Print the data verbatim. Leave every image out.

* Collected material
# # # #

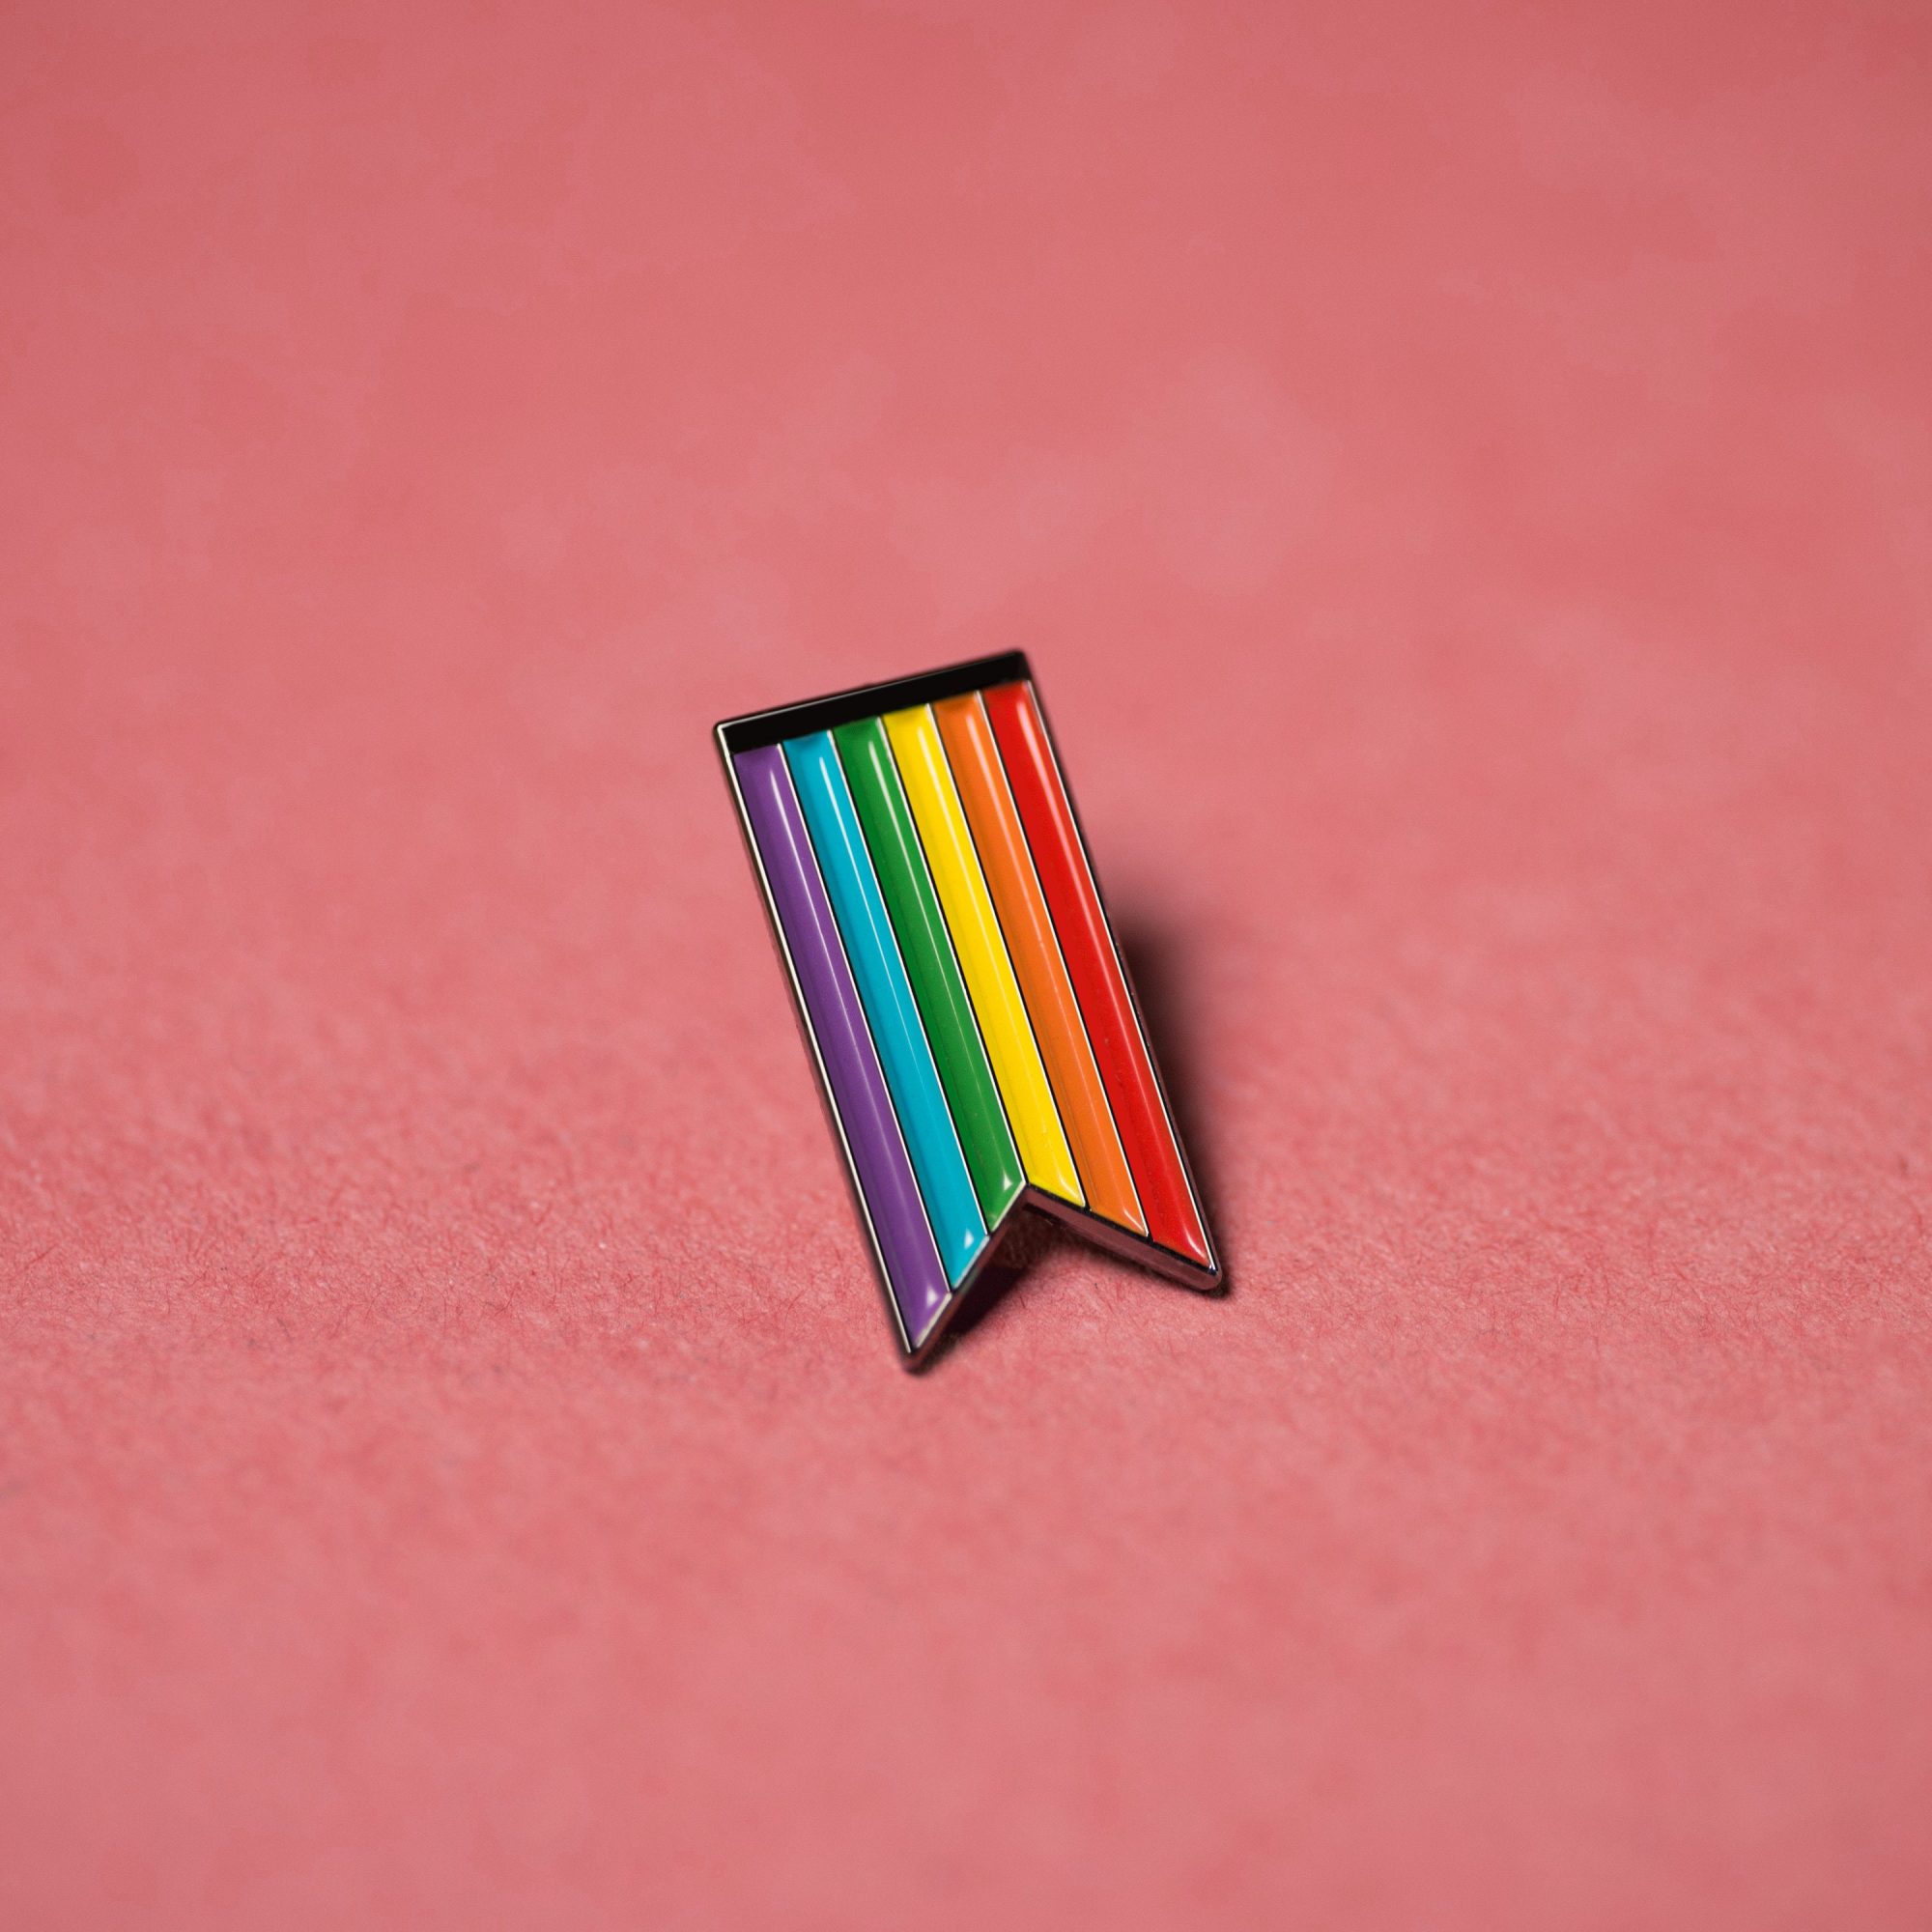 A close up photo of a rainbow flag pin badge
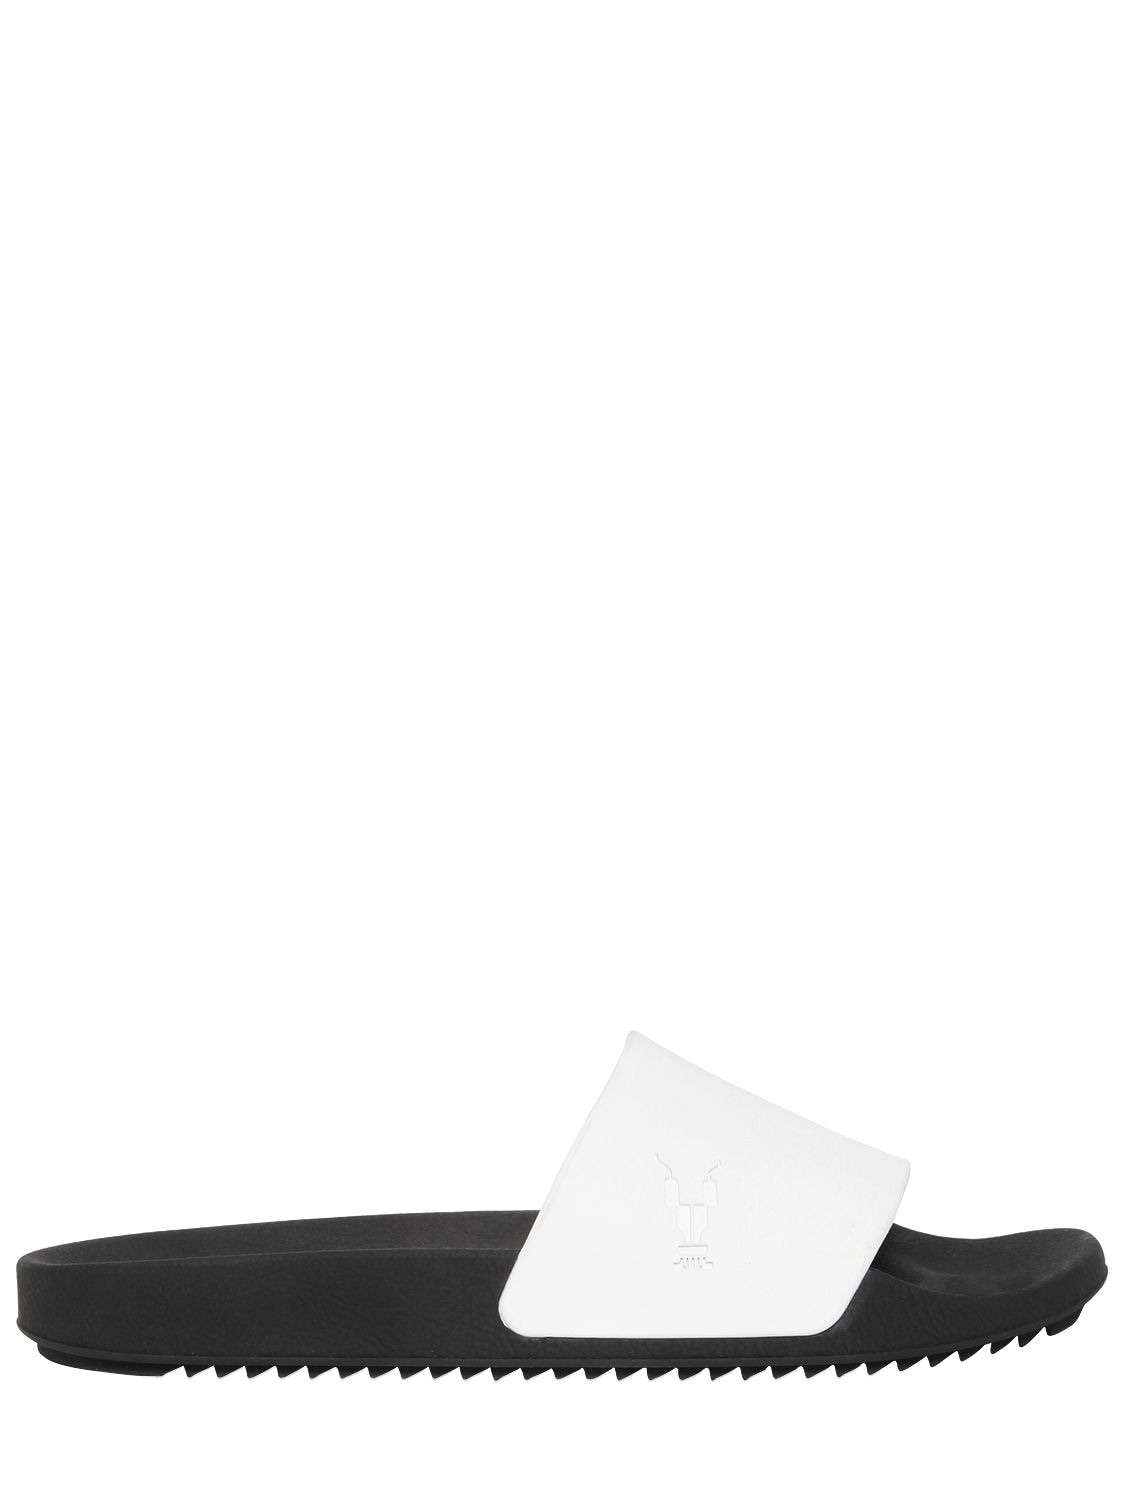 Rick Owens Drkshdw Logo Rubber Slide Sandals In Black/milk
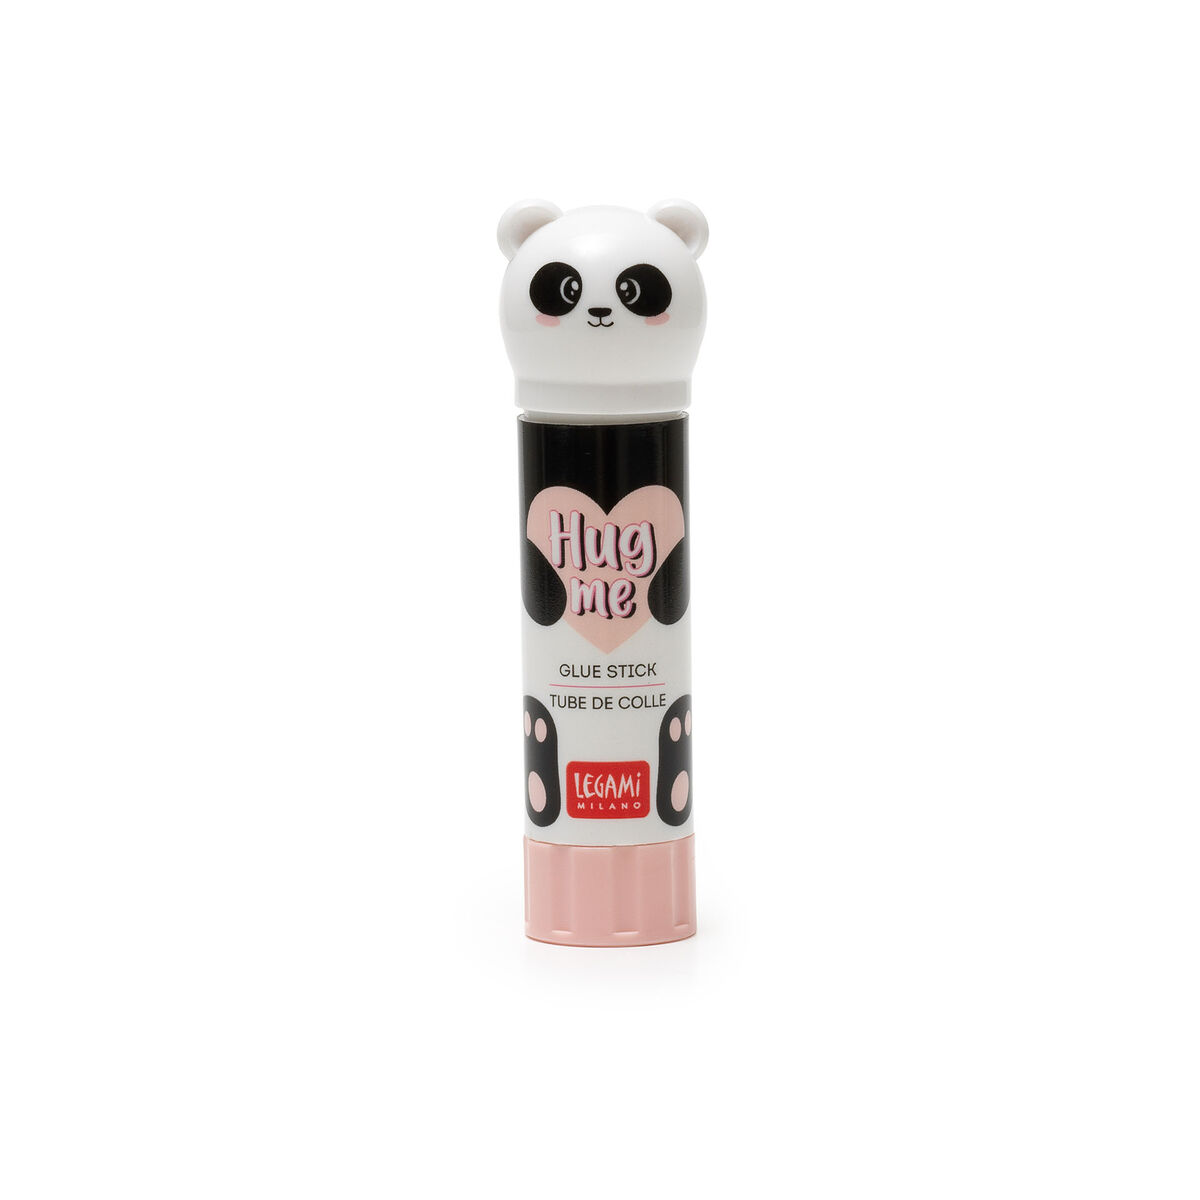 LEGAMI Glue Stick Hug Me Panda

# # # #

* Task answer
 A close up photo of a rainbow flag pin badge
 Rick Owens Drkshdw Logo Rubber Slide Sandals In Black/milk
 LEGAMI Glue Stick Hug Me Panda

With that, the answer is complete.